*** GIVEN MATERIAL ***

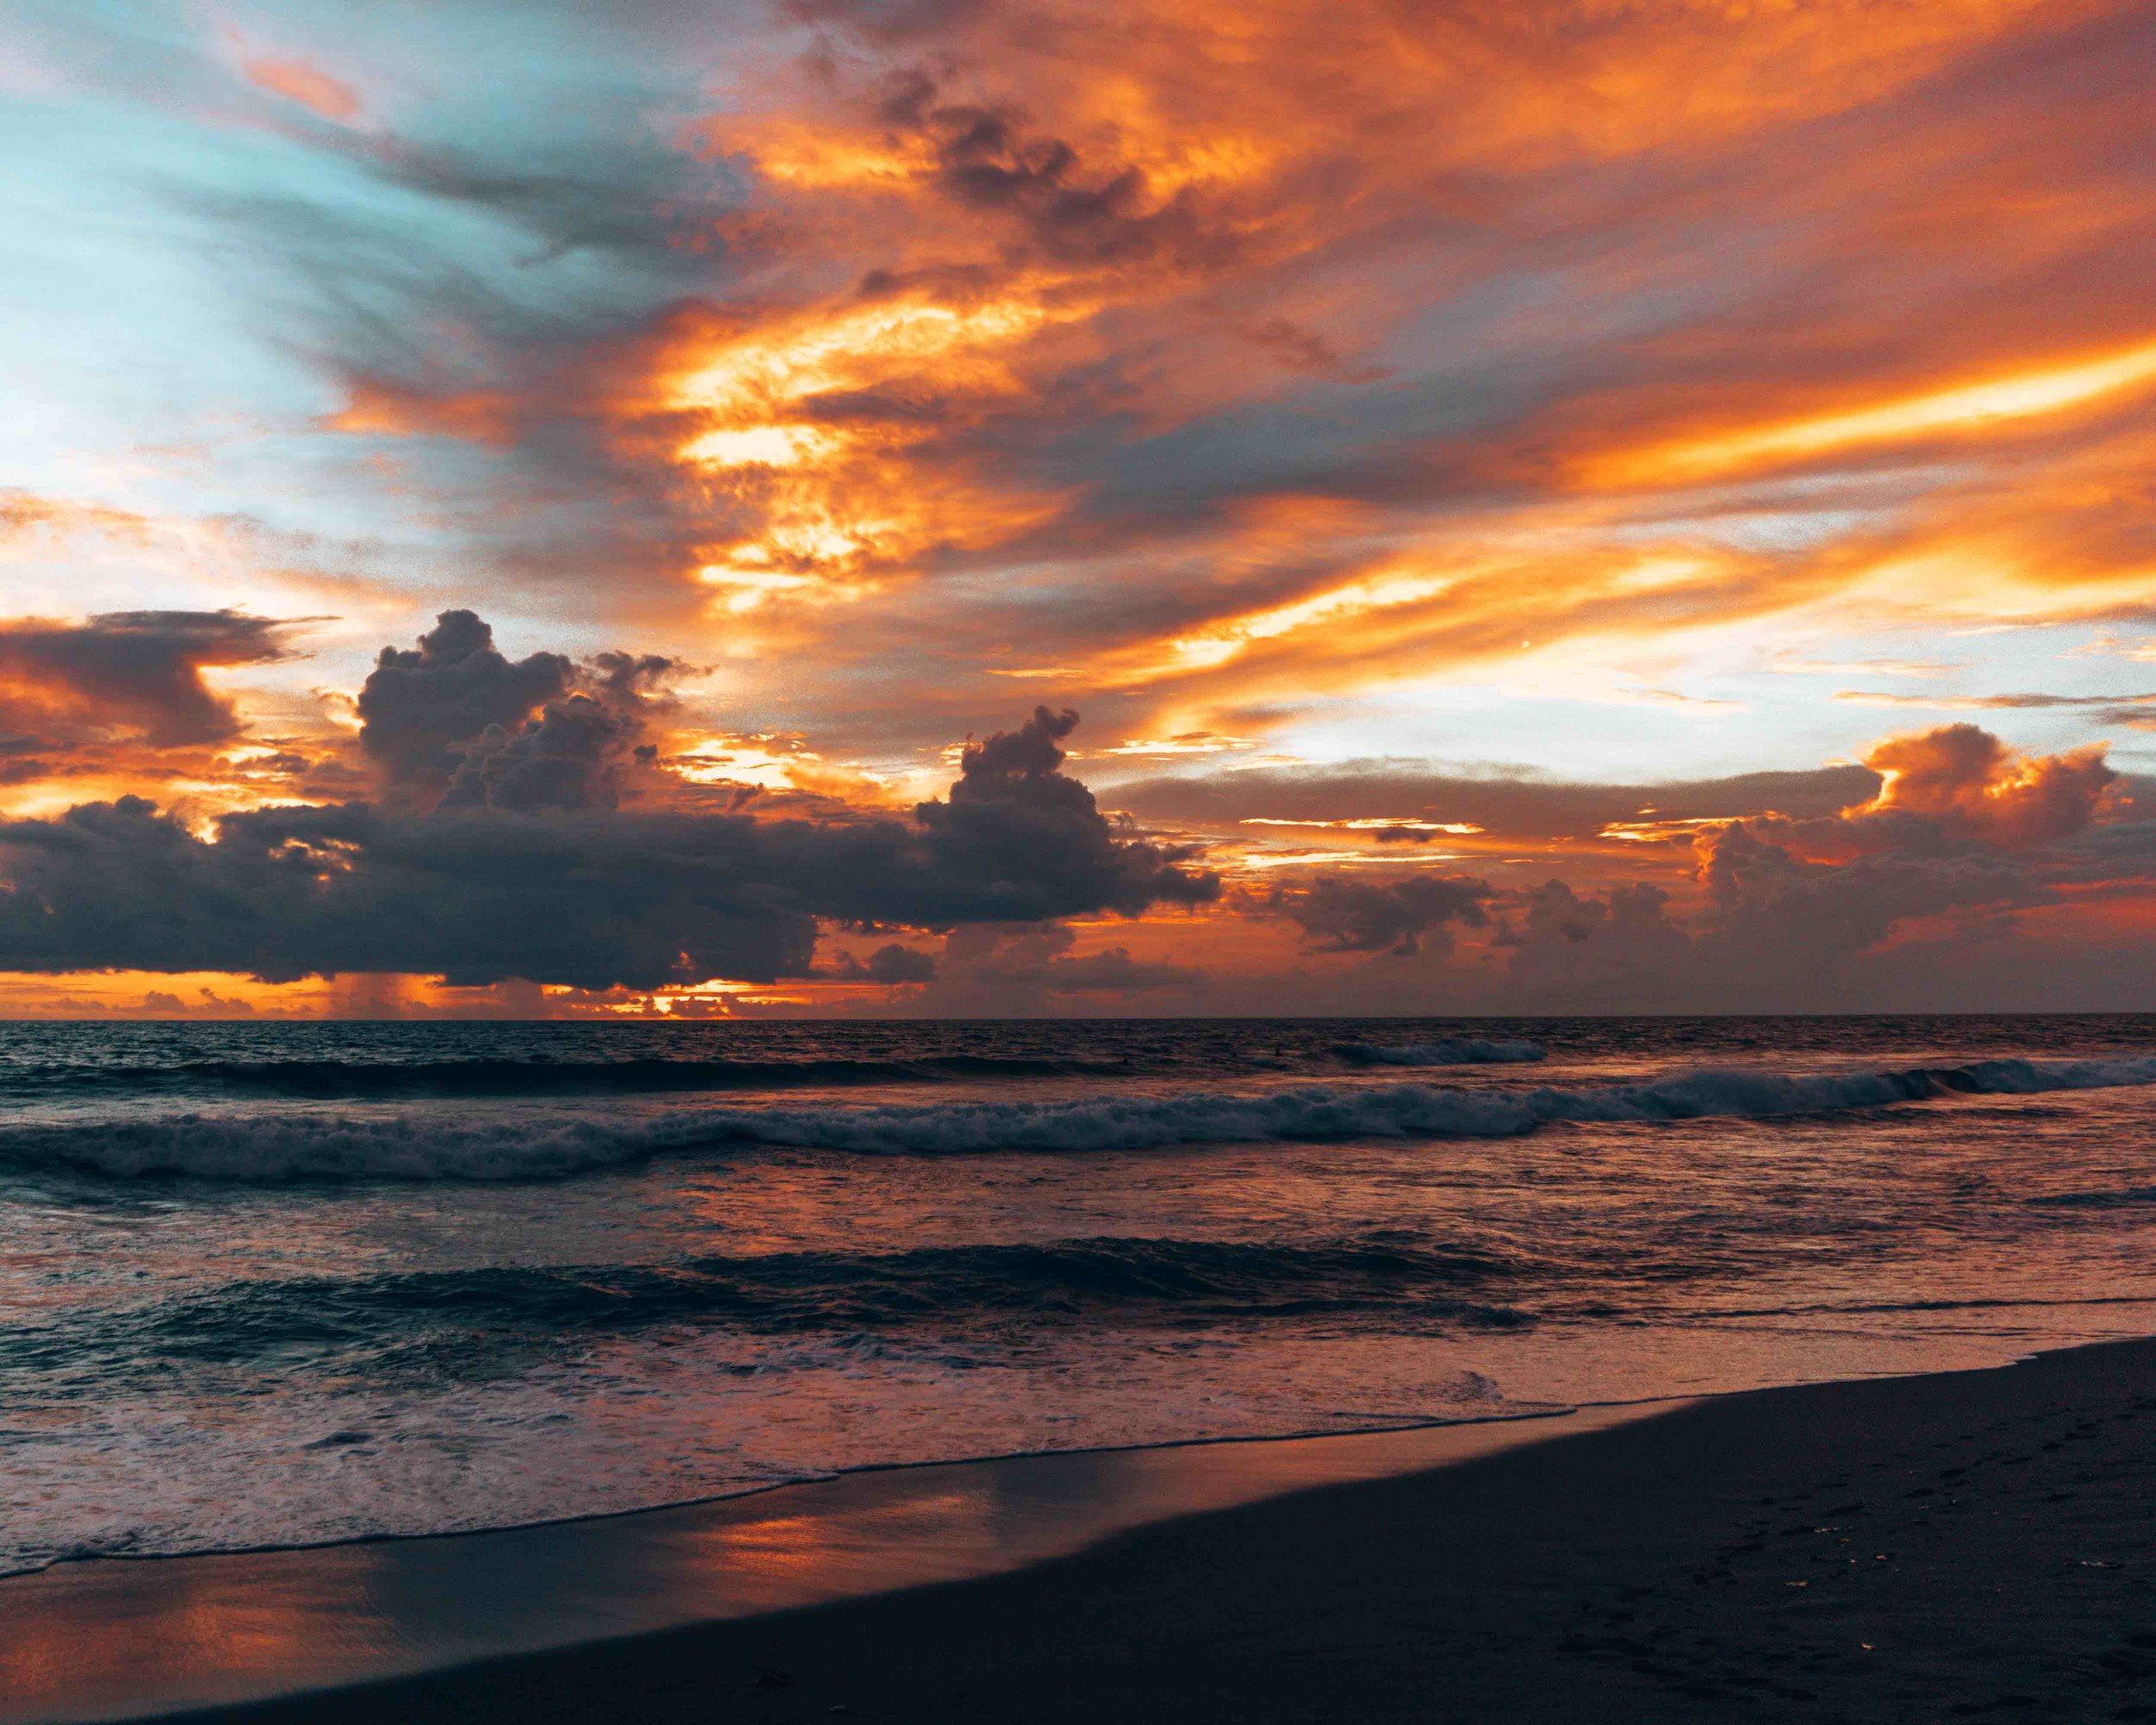 tropical_paradise_beach_island_bali_indonesia_sunset_canggu.jpg
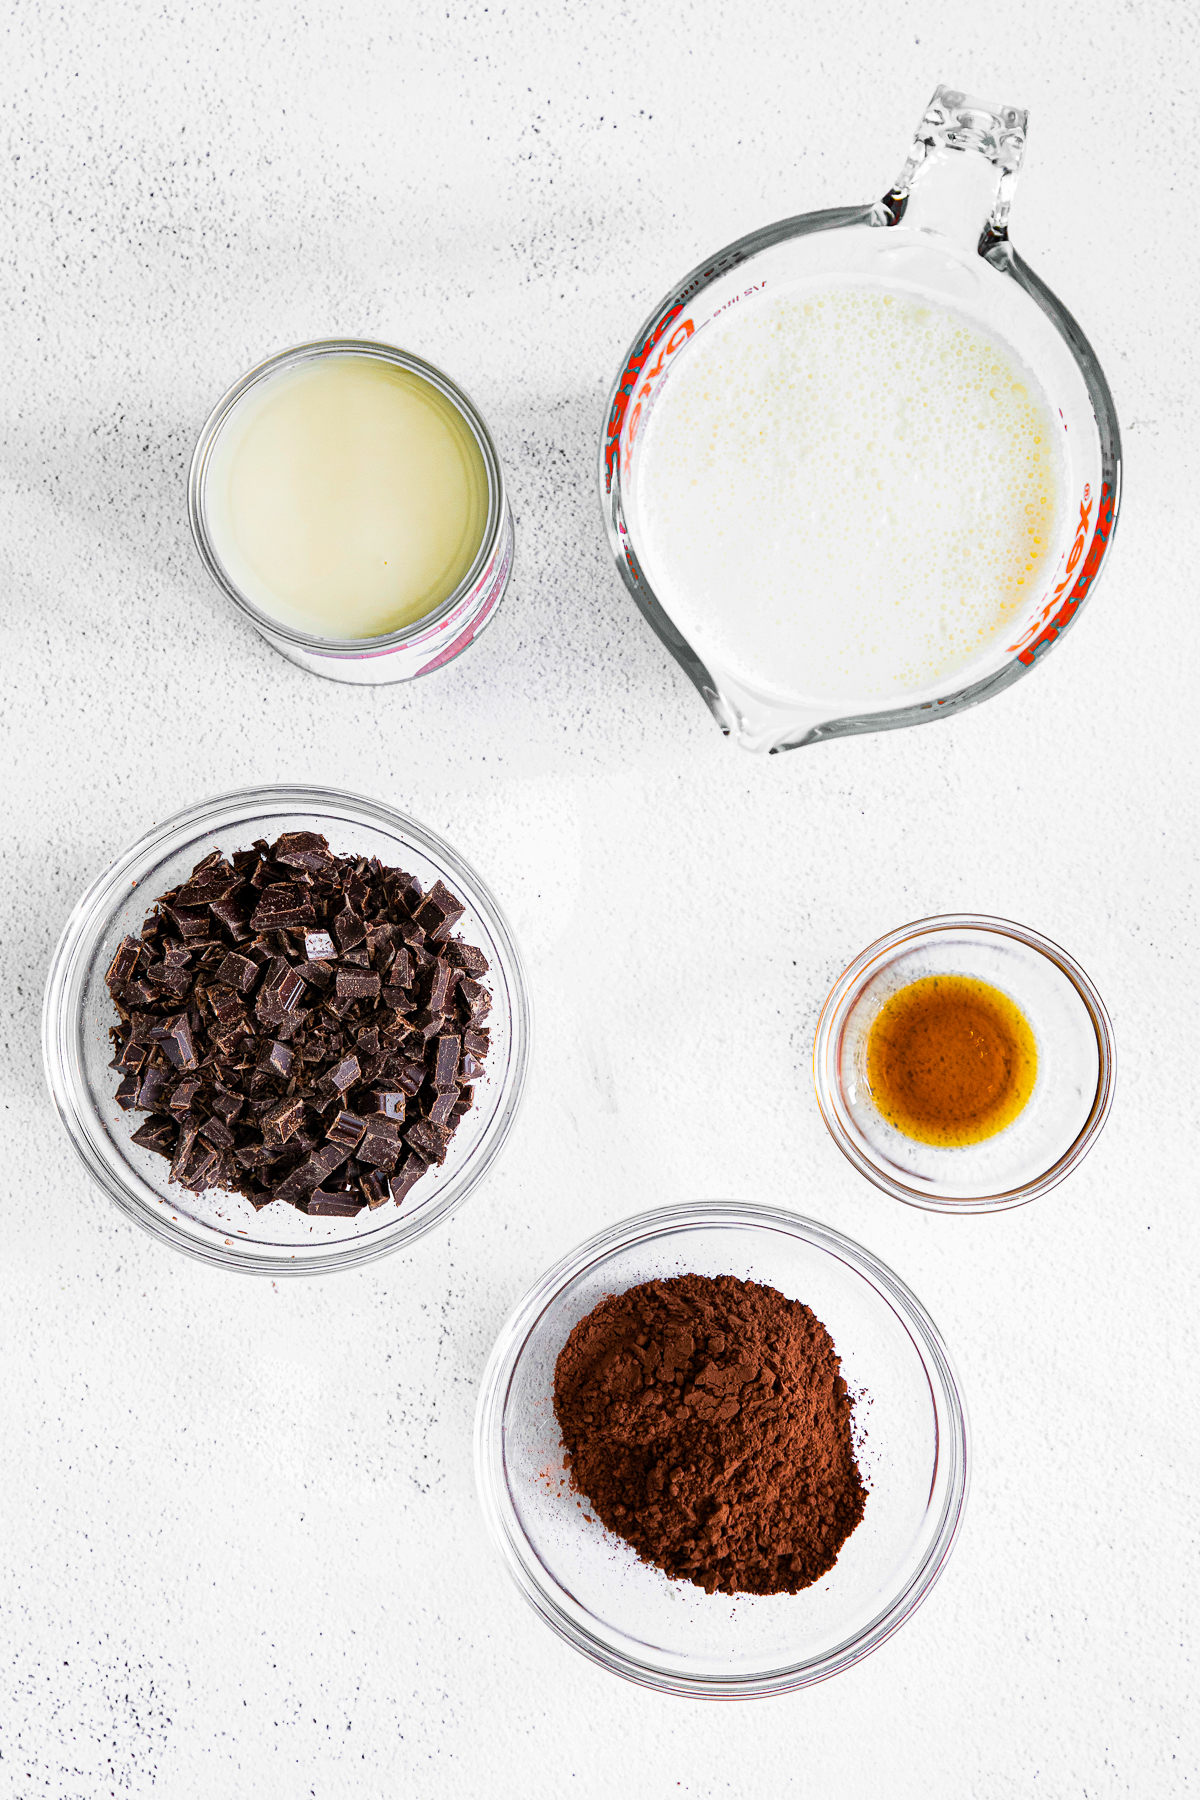 Ingredients needed to make No Churn Chocolate Ice Cream Recipe
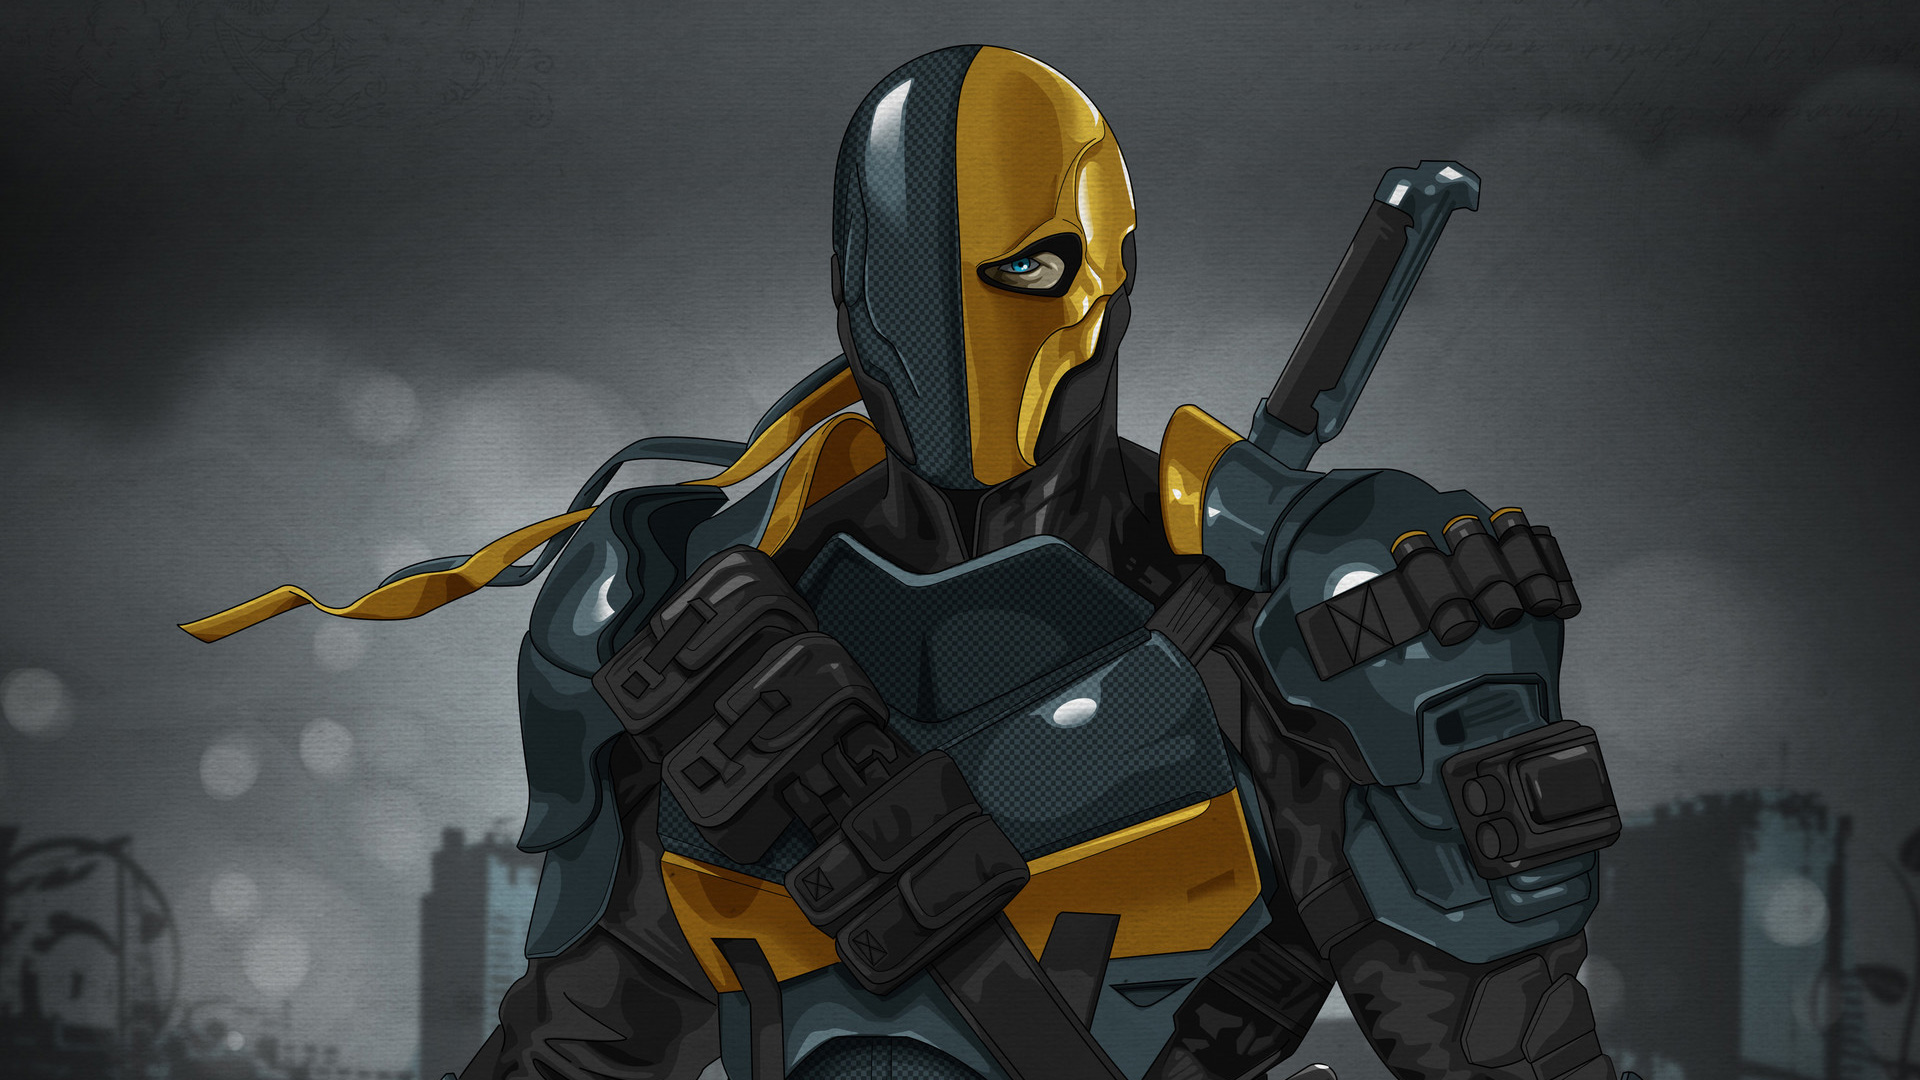 Deathstroke Dc Comics Art, HD Superheroes, 4k Wallpapers ...

*** End of GIVEN MATERIAL ***

## WHAT TO WORK ON:
Give back all of the data exactly, but not the pictures.

## YOUR RESPONSE:
 tropical_paradise_beach_island_bali_indonesia_sunset_canggu.jpg
 Ingredients needed to make No Churn Chocolate Ice Cream Recipe
 Deathstroke Dc Comics Art, HD Superheroes, 4k Wallpapers ...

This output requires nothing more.